Compared with the simplicity of “The Virgin and Child,” the large altarpiece “Triptych of the Seven Sacraments,” painted about 1450, shows an extraordinary amount of momentous activity occurring within one church. The main panel is dominated by a crucifixion, where Christ dies high up near the vaulted ceiling of a lofty nave. Behind him, the Eucharist is being celebrated. But the most affecting sacraments occur in the side panels. On the left, a baby is being baptized and a praying boy confirmed, while beyond them a kneeling man confesses. Van der Weyden depicts all three of these sacramental activities with poignant conviction, and in the right panel a very moving juxtaposition places ordination and marriage remarkably close to the extreme unction of an emaciated man dying in bed. Angels float above him, gesturing and clasping scrolls with Latin inscriptions. But Van der Weyden is not afraid to emphasize the extreme harshness of death, as the bedridden patient stretches out his skeletal arm to be anointed with holy oil.
This devastating panel is filled with Van der Weyden’s uncompromising determination to make viewers share the grief experienced by the men and women gathered around Christ’s blanched, lifeless body.
Even so, nothing can prepare us for the sheer visceral agony of “The Descent From the Cross.” This devastating panel is filled with Van der Weyden’s uncompromising determination to make viewers share the grief experienced by the men and women gathered around Christ’s blanched, lifeless body. He is being lowered with immense care from a surprisingly small cross. And the figures surrounding him are all crammed into a claustrophobic space that almost imprisons them. On the far right, the Magdalen appears to imagine that she has been hit by a body-blow. She staggers, clutching her fingers and projecting both elbows. Van der Weyden, whose handling of drapery is always expressive, makes sure that the dramatic creases in her dress reinforce the anguish she suffers. And the inconsolable Nicodemus next to her weeps glistening tears as he holds Christ’s slender, elongated legs.
The white-bearded Joseph of Arimathea, who supports the rest of the corpse by placing his hands under Christ’s armpits, looks more stoical. But Van der Weyden insists on painting with painful immediacy the blood issuing from Christ’s head and torso. As for the gash in his right hand, it makes us flinch as we scrutinize this deep cavity painted with such clinical precision. Moreover, Van der Weyden places the wound uncomfortably near the Virgin’s dangling left hand. She has fainted, and her bleached face appears close to death as she tumbles sideways. Her other hand rests on the ground, yet there is no escape even there: A skull lurks nearby, its teeth and empty eye-sockets defined with alarming clarity.
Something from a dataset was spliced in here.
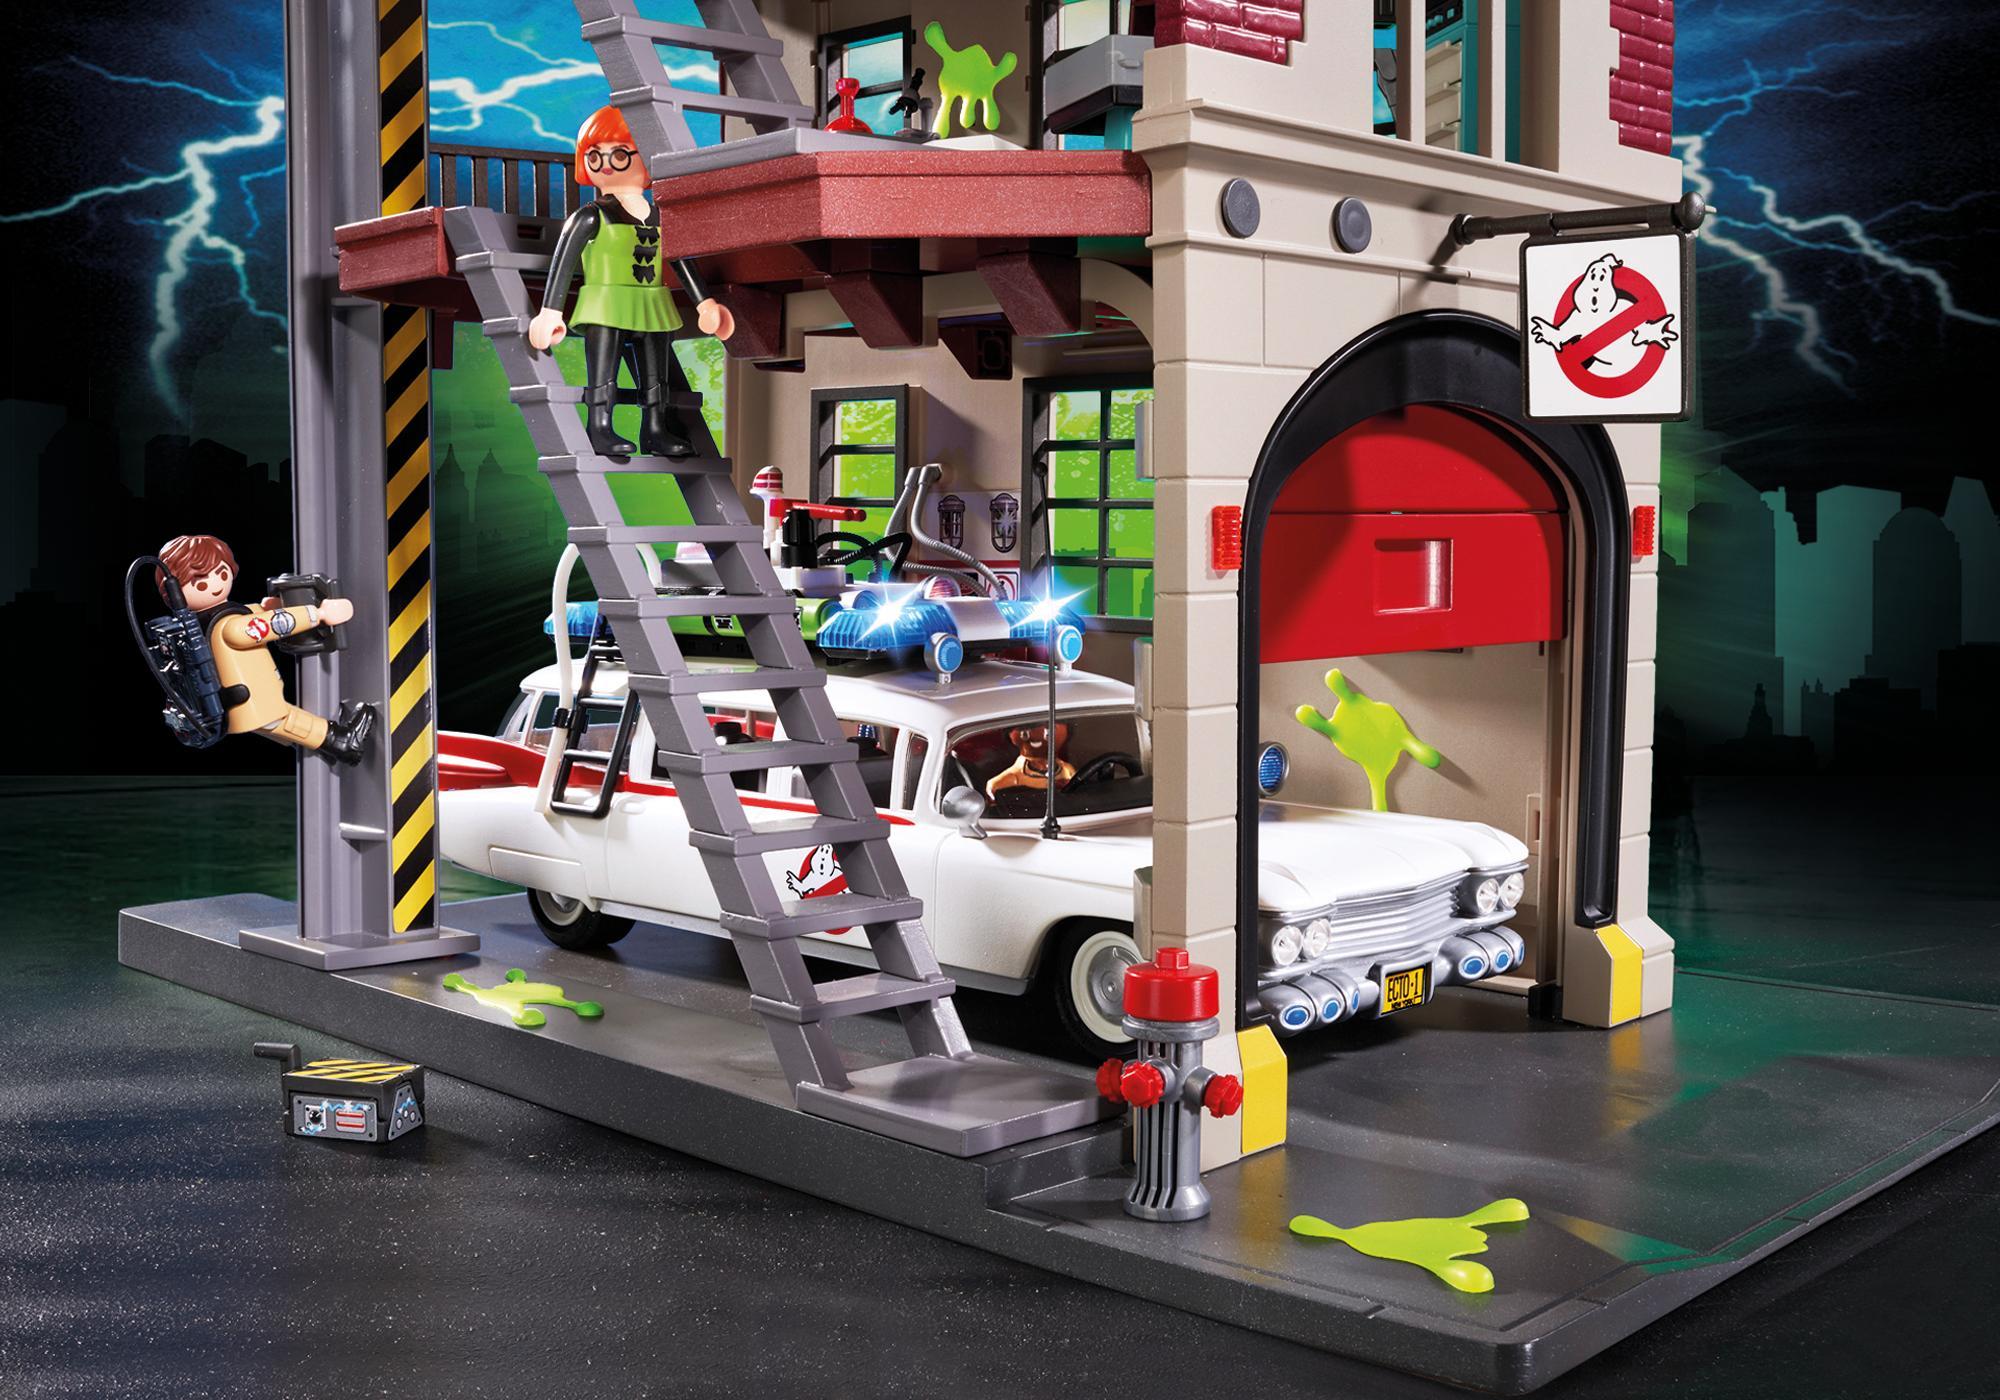 http://media.playmobil.com/i/playmobil/9220_product_extra1/Ghostbusters™ Ecto-1

No wonder St. John weeps as he rushes forward to support the disconsolate Virgin. Frowning, distraught and exhausted, he looks almost traumatized.
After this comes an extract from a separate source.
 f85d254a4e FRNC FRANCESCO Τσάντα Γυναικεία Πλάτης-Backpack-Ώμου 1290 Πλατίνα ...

St. John reappears in “The Crucifixion,” an elegiac late painting executed about 1457-64 and subsequently damaged by fire. This immense panel, after a prolonged bout of restoration, has now emerged as a rediscovered masterpiece. St. John looks up, opening both his hands in sorrow as he contemplates the harrowing reality on the cross. But the Virgin, the only other figure depicted here, cannot gaze any more at her son’s demise. She raises white drapery to her face and almost closes both eyes. The Virgin’s grief is insupportable, for her legs buckle as she struggles to remain upright. The tension in her body is transmitted with all the incisive conviction that Van der Weyden can muster, and his profound intensity places him among the most outstanding 15th-century artists.